*DESCRIPTION OF THE TASK*:
Give back every record word for word, but keep the pictures out.

Stored dataset items:
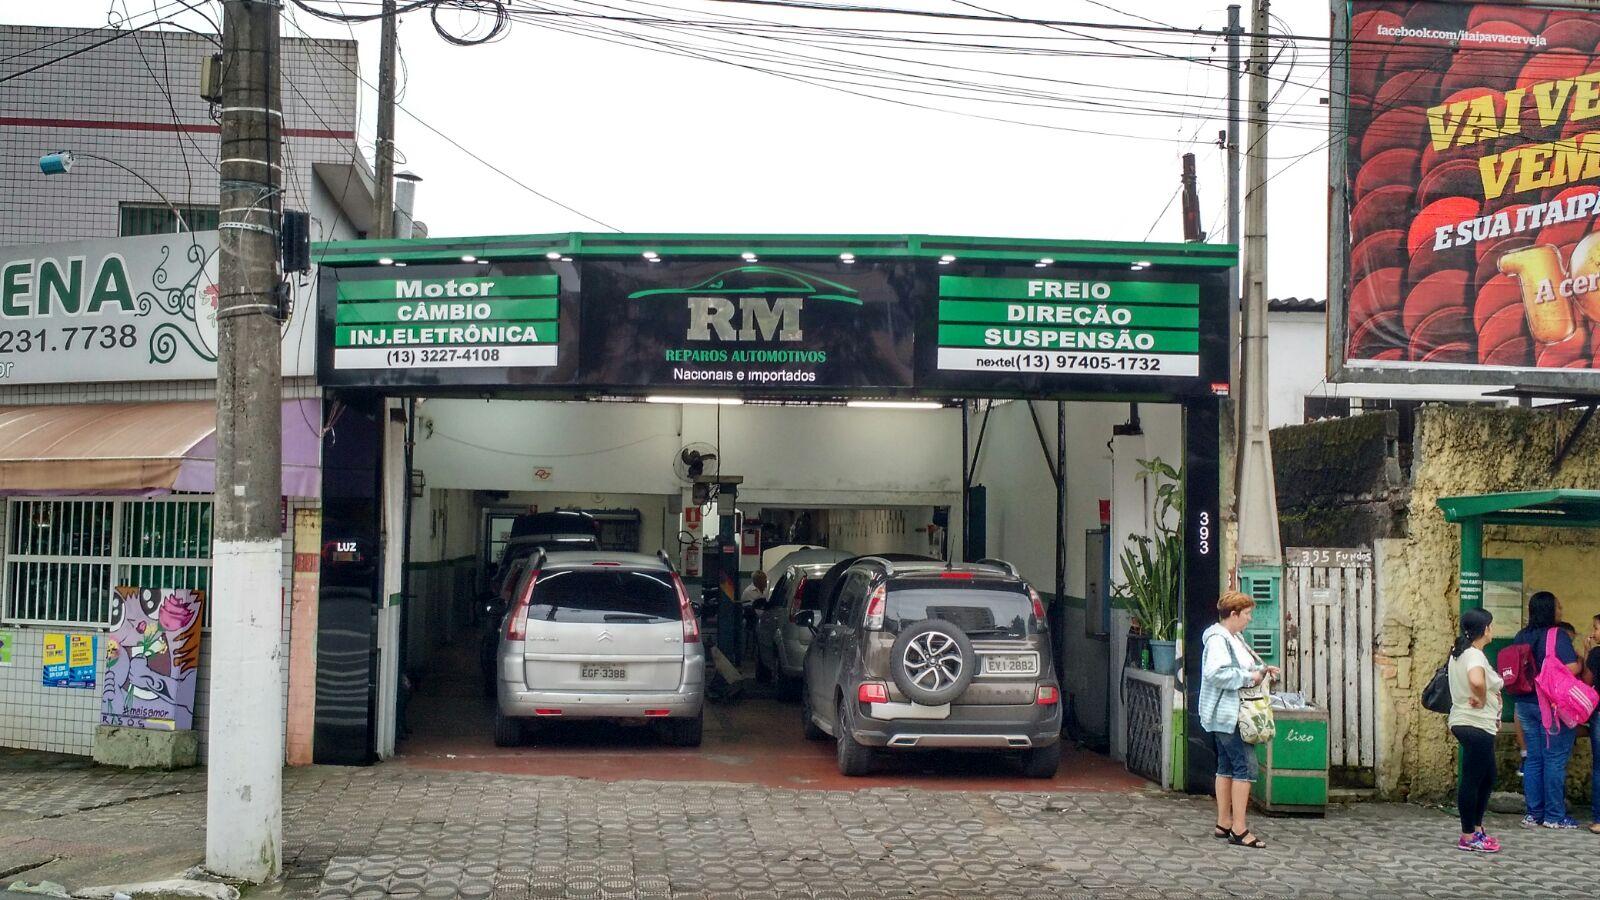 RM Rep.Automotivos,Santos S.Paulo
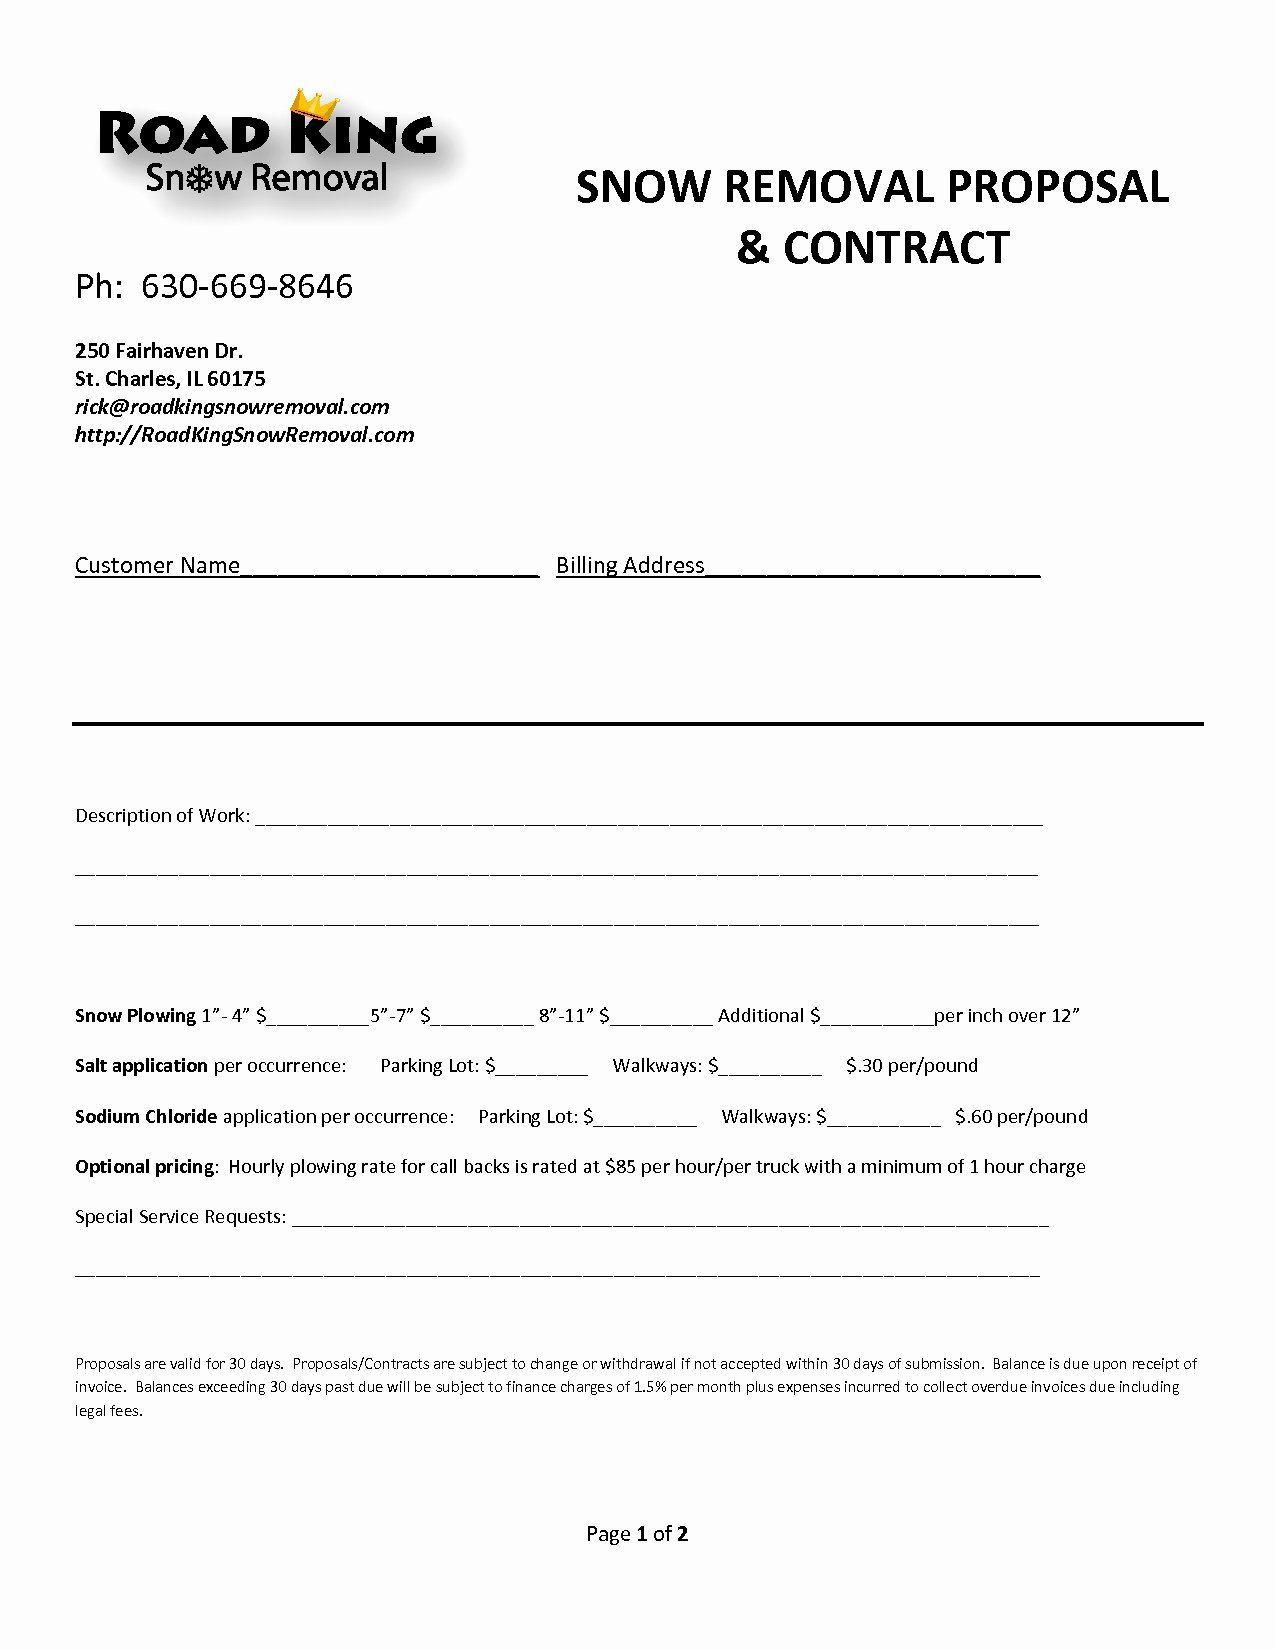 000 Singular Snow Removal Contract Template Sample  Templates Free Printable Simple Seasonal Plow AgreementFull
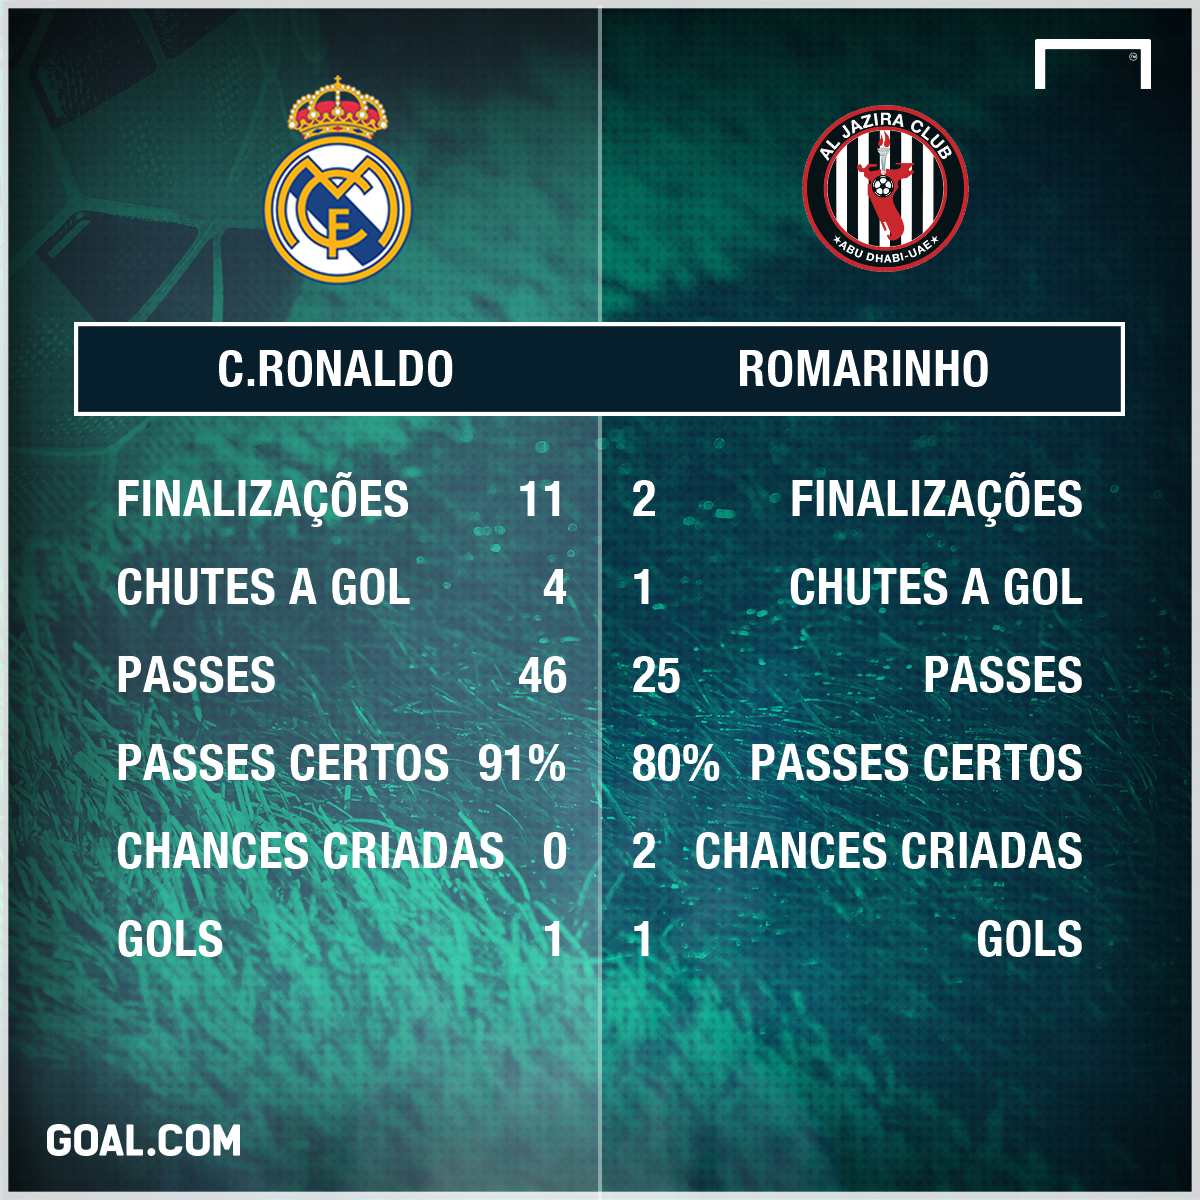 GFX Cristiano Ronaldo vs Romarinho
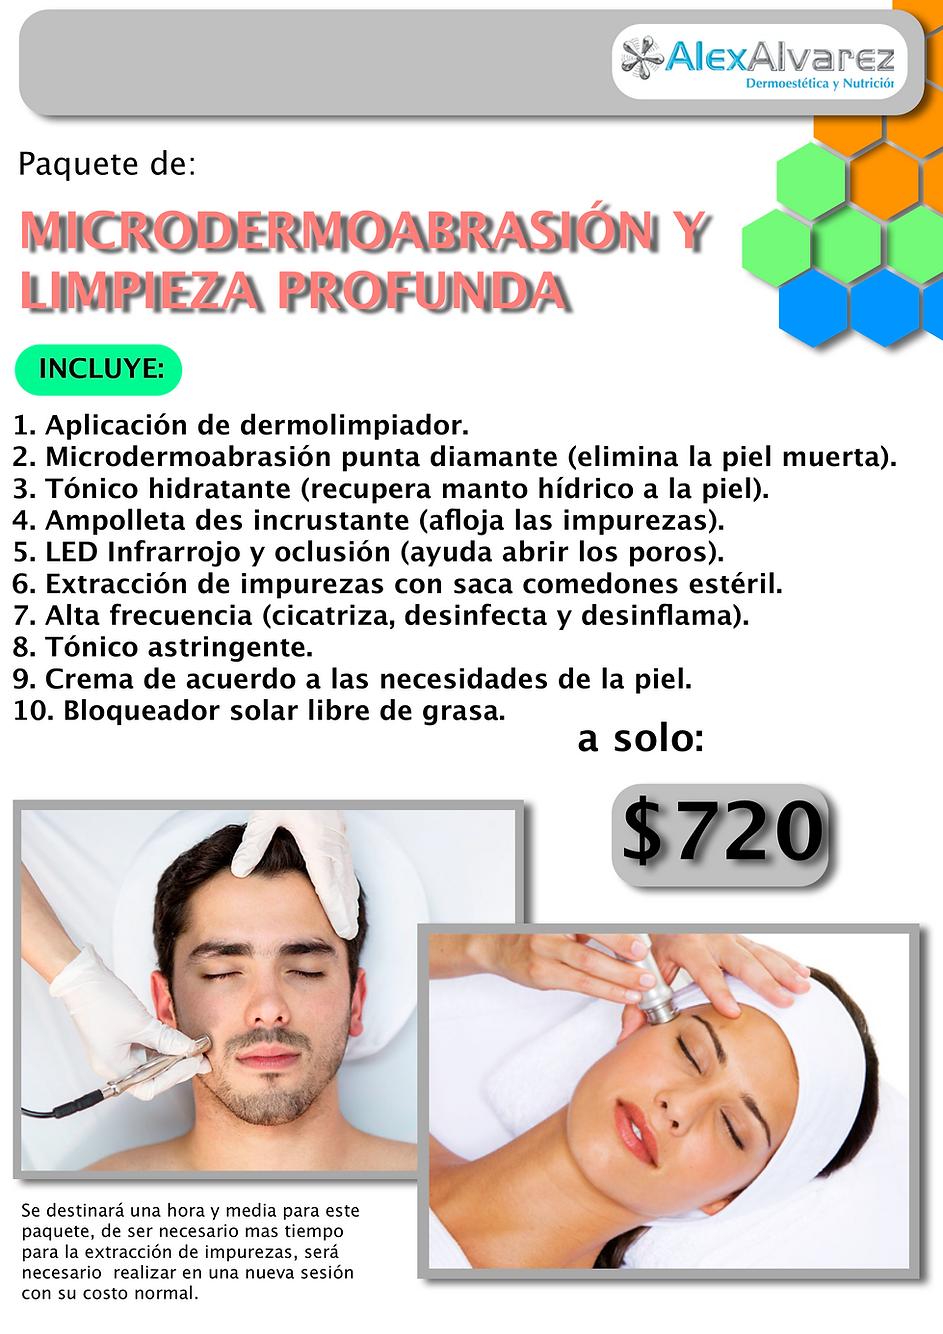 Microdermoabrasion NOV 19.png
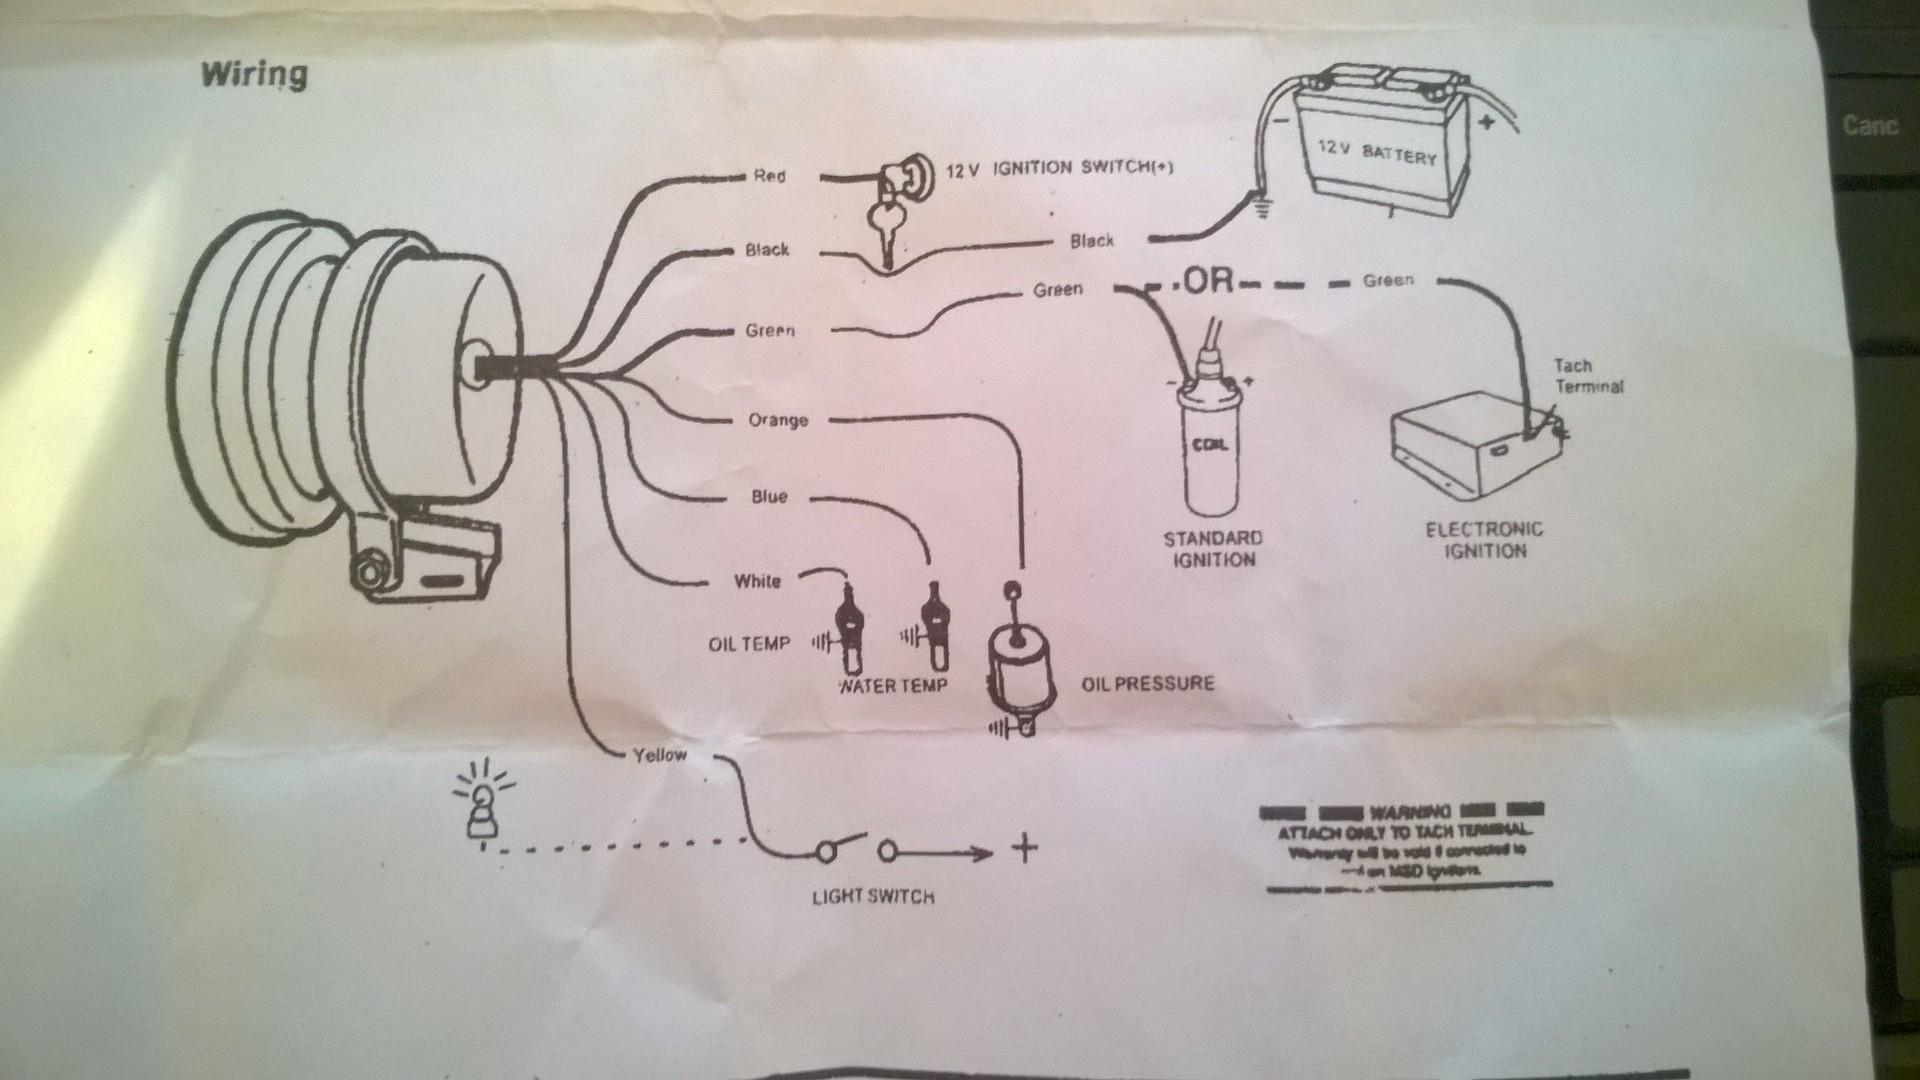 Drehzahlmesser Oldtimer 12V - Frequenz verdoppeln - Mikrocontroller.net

*ANSWER TO THE PROBLEM*:
 RM Rep.Automotivos,Santos S.Paulo
 000 Singular Snow Removal Contract Template Sample  Templates Free Printable Simple Seasonal Plow AgreementFull
 GFX Cristiano Ronaldo vs Romarinho
 Microdermoabrasion NOV 19.png
 Drehzahlmesser Oldtimer 12V - Frequenz verdoppeln - Mikrocontroller.net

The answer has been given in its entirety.